Instead of just removing these variables, **let’s dive deeper to understand the underlying reasons!**

Exploring these correlations can reveal important insights about data preprocessing, feature engineering, or measurement methods used.

---


> Most variables are multiple transformed versions of the same original features, including **Savitzky-Golay (savgol), Simple Moving Average (sma), Exponential Moving Average (ema), Robust filtering, and Min-Max scaling (minmax)**.  
>  
> Let’s categorize these transformations to gain a clearer understanding of the dataset!


In [12]:
# Original variables (raw measurements)
original_variables = [
    'timestamp', 'indoor_temp', 'supply_temp', 'outdoor_temp', 'temp_error', 'airflow', 'power_usage', 'solar_radiation', 'occupancy', 'price', 'heating_demand'] 
]

# Variables smoothed with Savitzky-Golay filter (smoothing + shape-preserving)
savgol_variables = [
    'indoor_temp_savgol', 'supply_temp_savgol', 'outdoor_temp_savgol', 'temp_error_savgol'
]

# Variables processed with Robust filter (resistant to outliers/spikes)
robust_variables = [
    'indoor_temp_robust', 'supply_temp_robust', 'outdoor_temp_robust', 'temp_error_robust']

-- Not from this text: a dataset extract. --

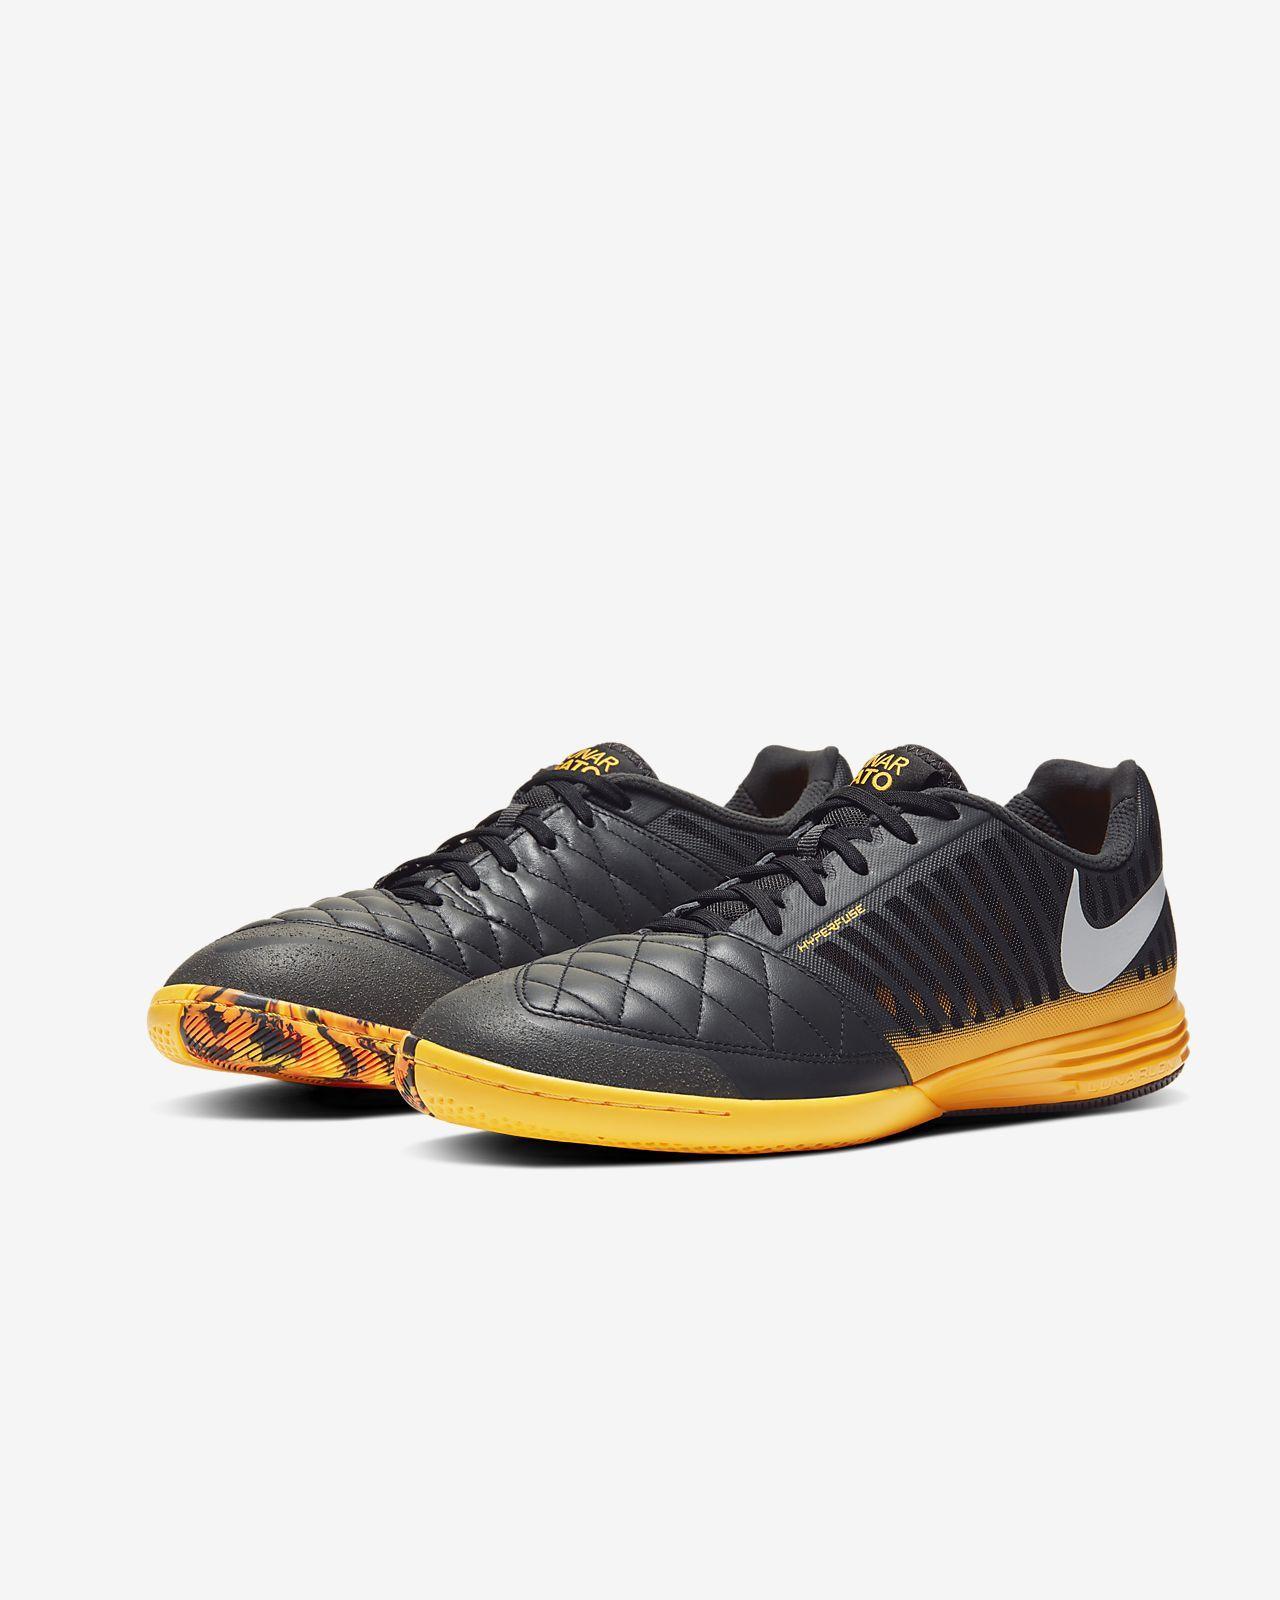 Nike Lunargato II Baratas | Sapatilhas Nike Outlet Online

# Variables smoothed with Simple Moving Average (SMA)
sma_variables = [
    'airflow_sma', 'power_usage_sma', 'solar_radiation_sma', 'occupancy_sma', 'price_sma', 'heating_demand_sma'
]

# Variables smoothed with Exponential Moving Average (EMA)
ema_variables = [
    'airflow_ema', 'power_usage_ema', 'solar_radiation_ema', 'occupancy_ema', 'price_ema', 'heating_demand_ema'
]

# Variables scaled with Min-Max normalization
minmax_variables = [
    'airflow_minmax', 'power_usage_minmax', 'solar_radiation_minmax', 'occupancy_minmax', 'price_minmax', 'heating_demand_minmax'
]


SyntaxError: unmatched ']' (1330091703.py, line 4)